A total of 3357 patients with IBD were identified with filled anti-TNF prescriptions. Approximately 72% to 86% of patients received TB screening. In multivariate analyses, patients in rural areas were less likely to be screened for TB compared with those in urban areas (odds ratio 0.72, 95% confidence ratio 0.54-0.95). Patients who received care at academically affiliated facilities were more likely to have received screening for TB (odds ratio 1.49, 95% confidence ratio 1.31-1.95). In 7210 patient-years of follow-up on anti-TNF, TB reactivation was confirmed in 2 patients, both of whom had a history and treatment of latent TB before anti-TNF initiation.
TB screening before anti-TNF is estimated to be between 72% and 86%. Receipt of care at urban, academic-affiliated, high-volume IBD facilities is associated with higher rates of screening. Reactivation of TB in a highly screened cohort is estimated to be 2.8 per 10,000 patient-years.

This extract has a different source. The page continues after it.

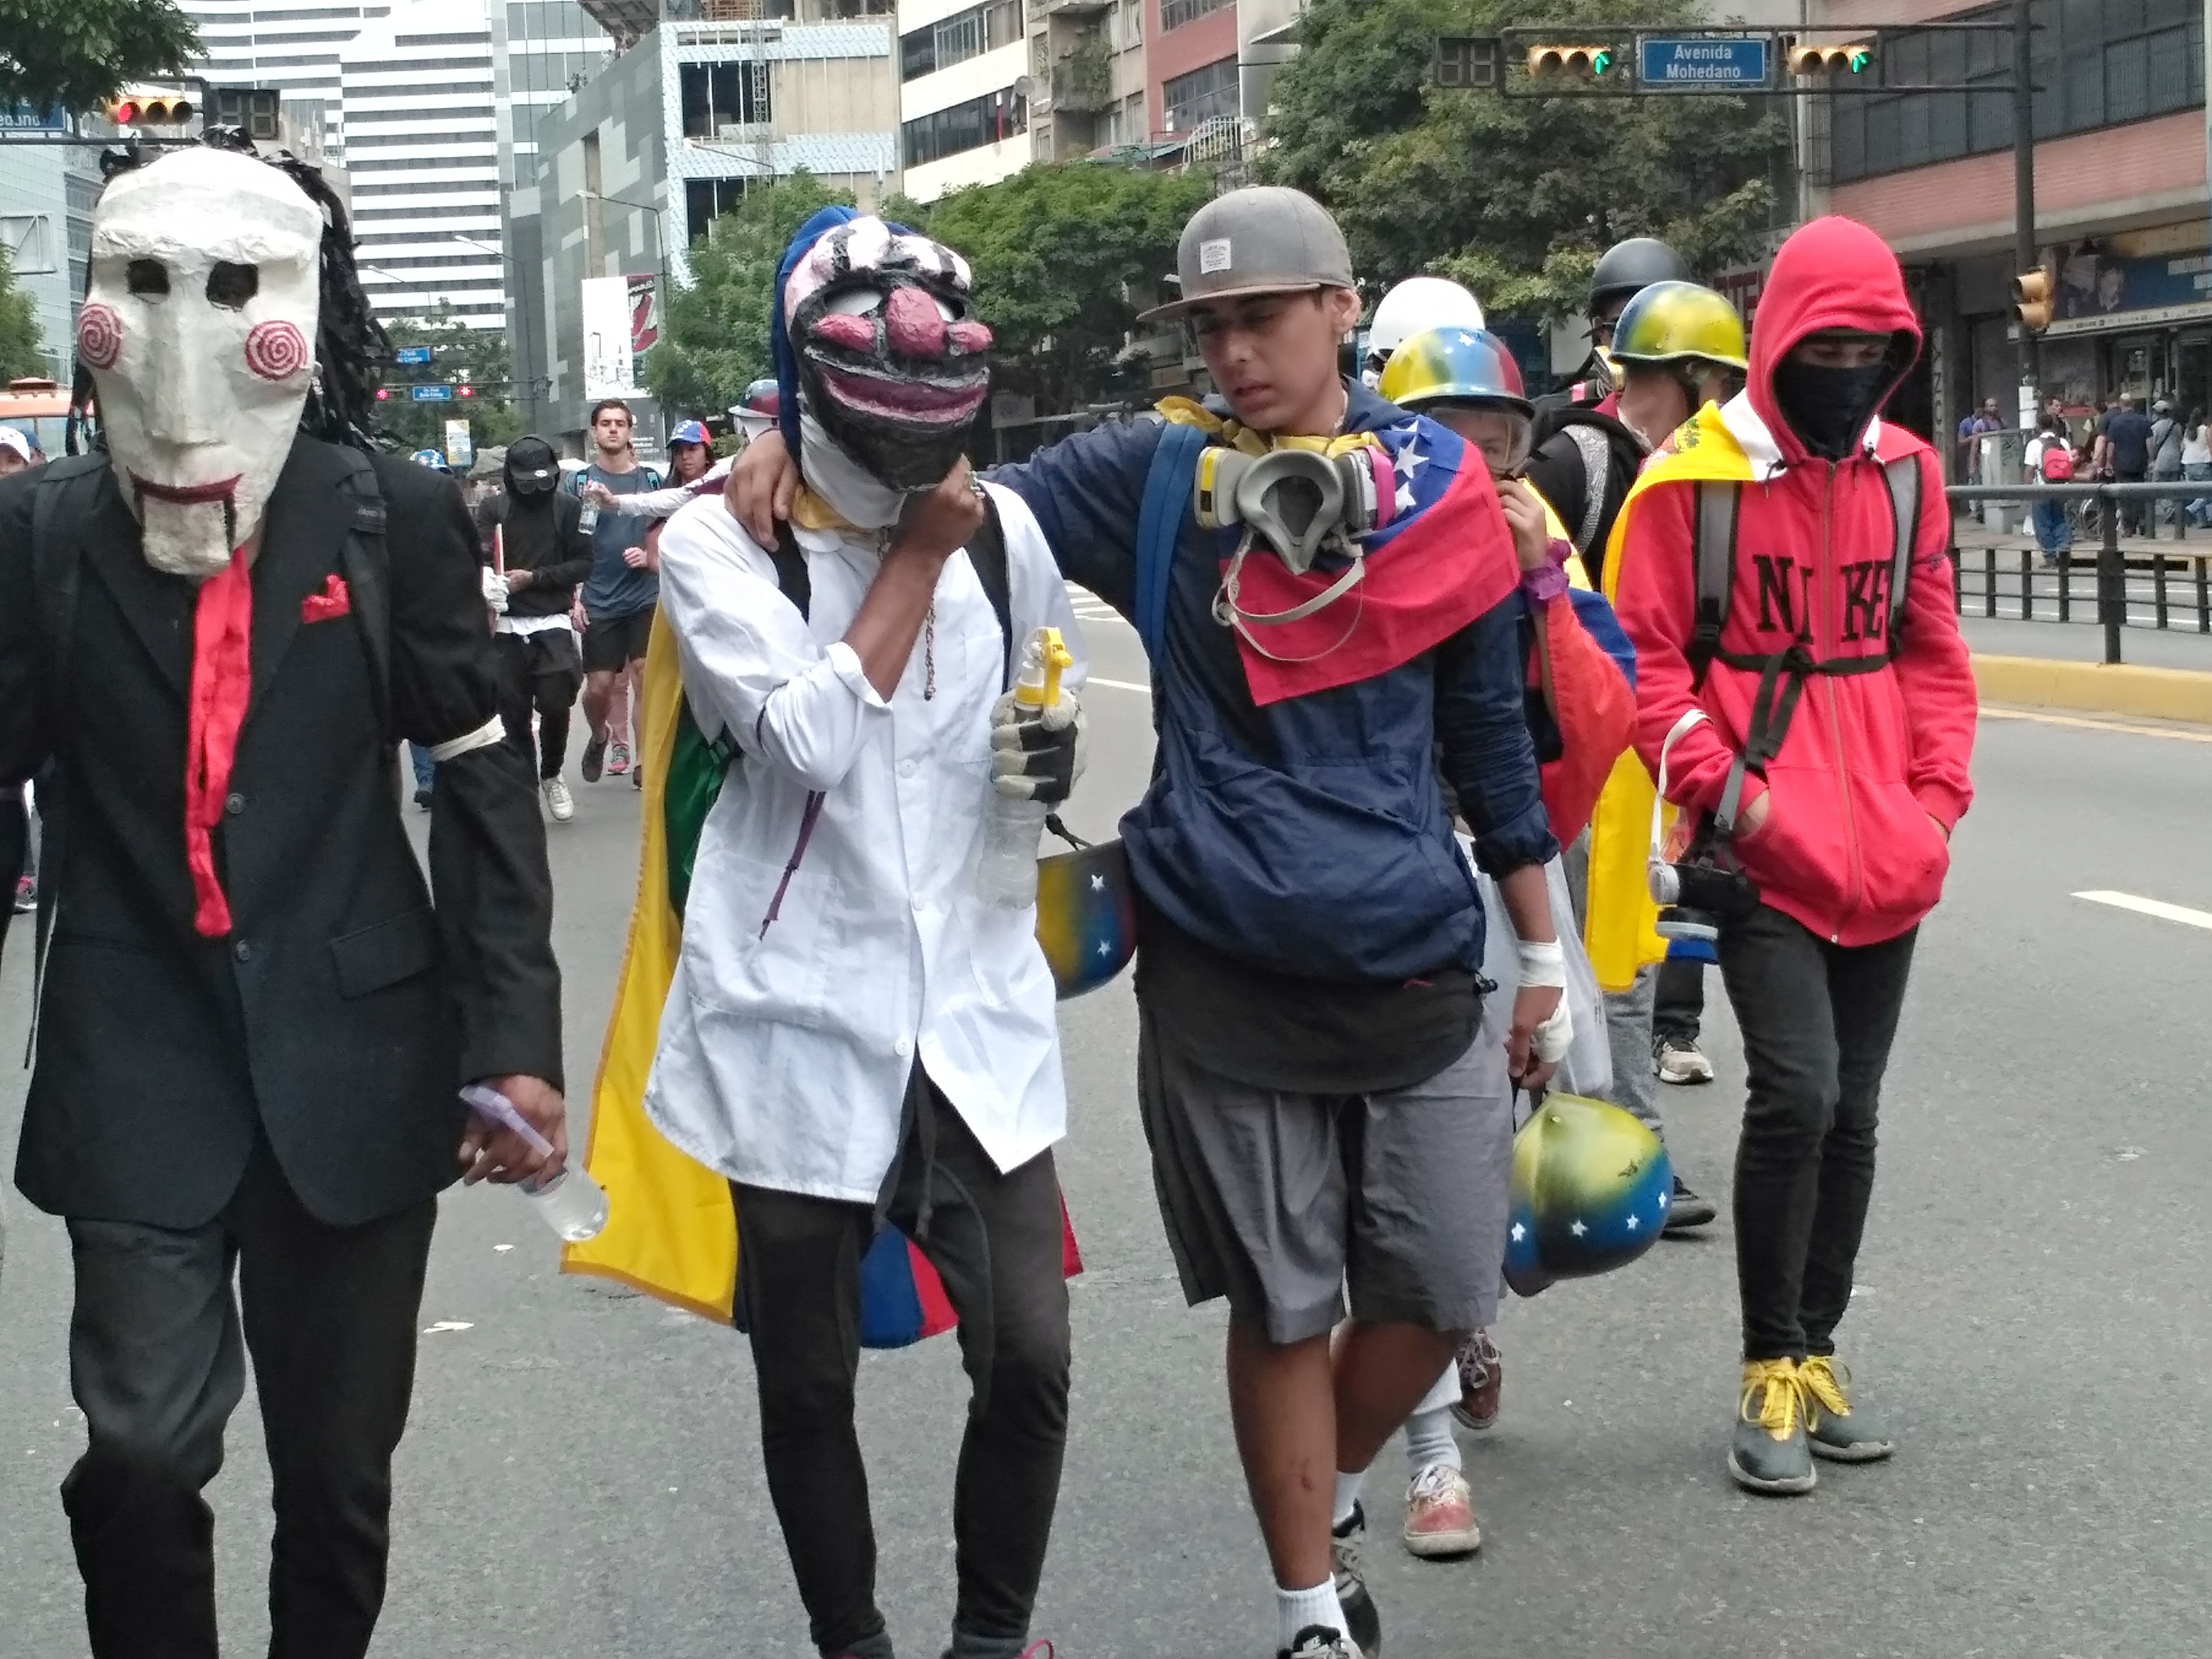 Nos protestos em Caracas, jovens utilizam máscaras antigás e enrolam camisas em seus rostos para se proteger (Foto: Manuel Rueda/Agência Pública)
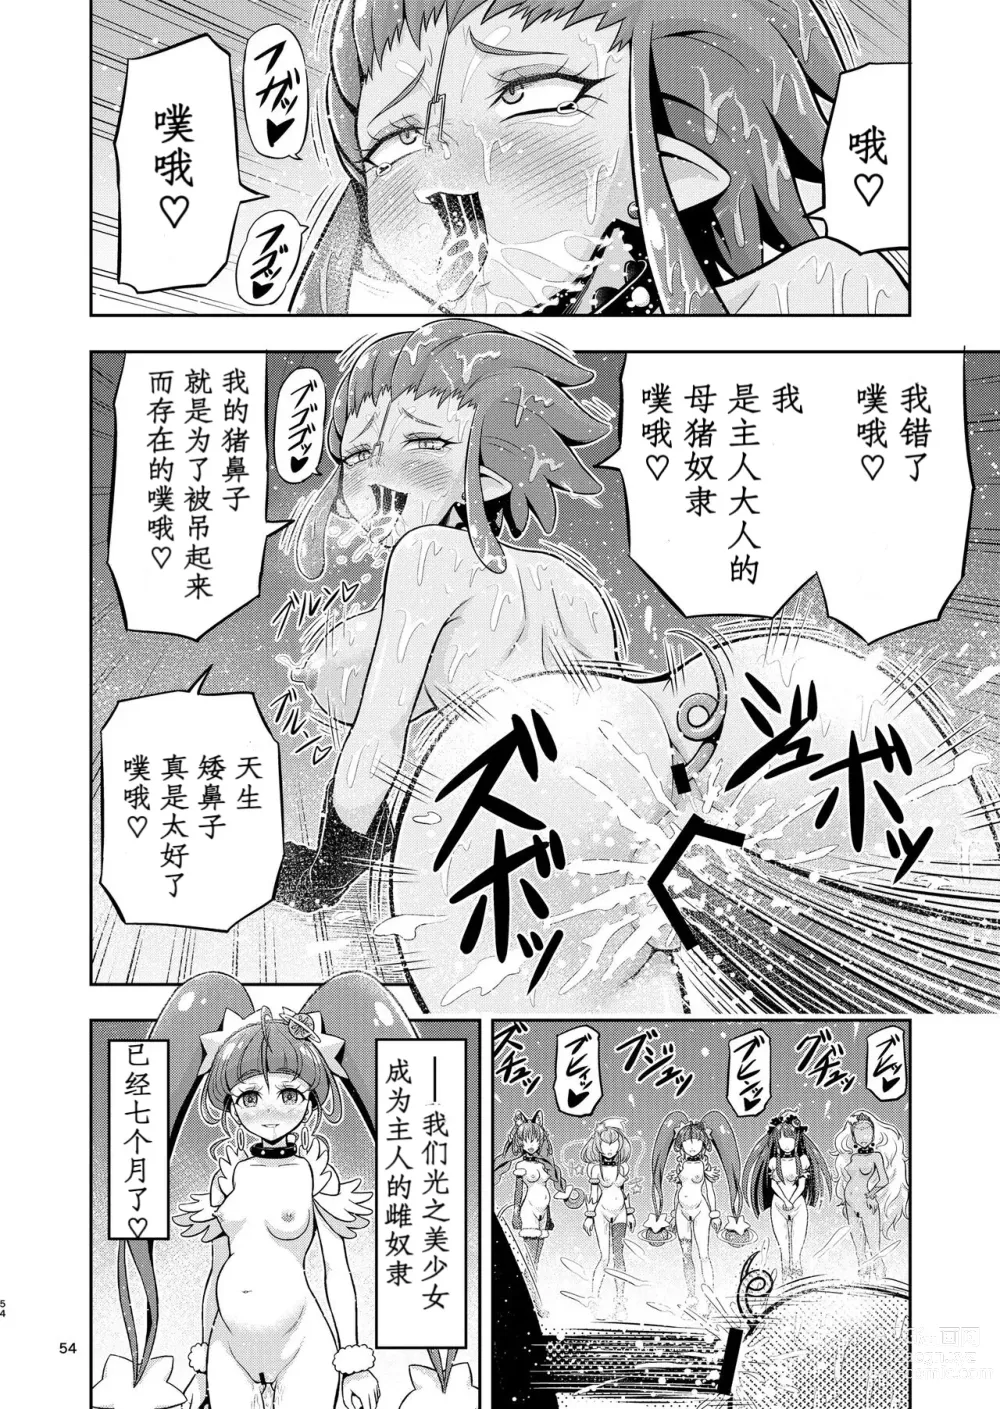 Page 4 of doujinshi Hoshi Asobi 2

肿瘤坏死因子拮抗剂(抗 TNF)在治疗炎症性肠病(IBD)方面有效,但可能导致结核病(TB)复发。IBD 患者的 TB 筛查率及相关结果尚无充分描述。本研究旨在评估 IBD 患者在开始使用抗 TNF 之前的 TB 筛查患病率及决定因素以及相关结果。
我们使用国家退伍军人事务管理数据集识别出有抗 TNF 处方的 IBD 患者。通过单因素和多因素分析确定 TB 筛查的决定因素。通过 ICD9 编码或异烟肼处方识别出 TB 复发患者,并通过病历审查进行确认。
共识别出 3357 例有抗 TNF 处方的 IBD 患者。约 72%至 86%的患者接受了 TB 筛查。在多因素分析中,与城市地区患者相比,农村地区患者接受 TB 筛查的可能性较小(比值比 0.72,95%置信比 0.54 - 0.95)。在学术附属机构接受治疗的患者接受 TB 筛查的可能性更大(比值比 1.49,95%置信比 1.31 - 1.95)。在对 7210 患者年的抗 TNF 随访中,2 例患者被确诊为 TB 复发,这 2 例患者在开始使用抗 TNF 之前均有潜伏性 TB 的病史和治疗史。
抗 TNF 治疗前的 TB 筛查率估计在 72%至 86%之间。在城市、学术附属、大量 IBD 患者就诊的机构接受治疗与更高的筛查率相关。在经过高度筛查的队列中,TB 复发率估计为每 10000 患者年 2.8 例。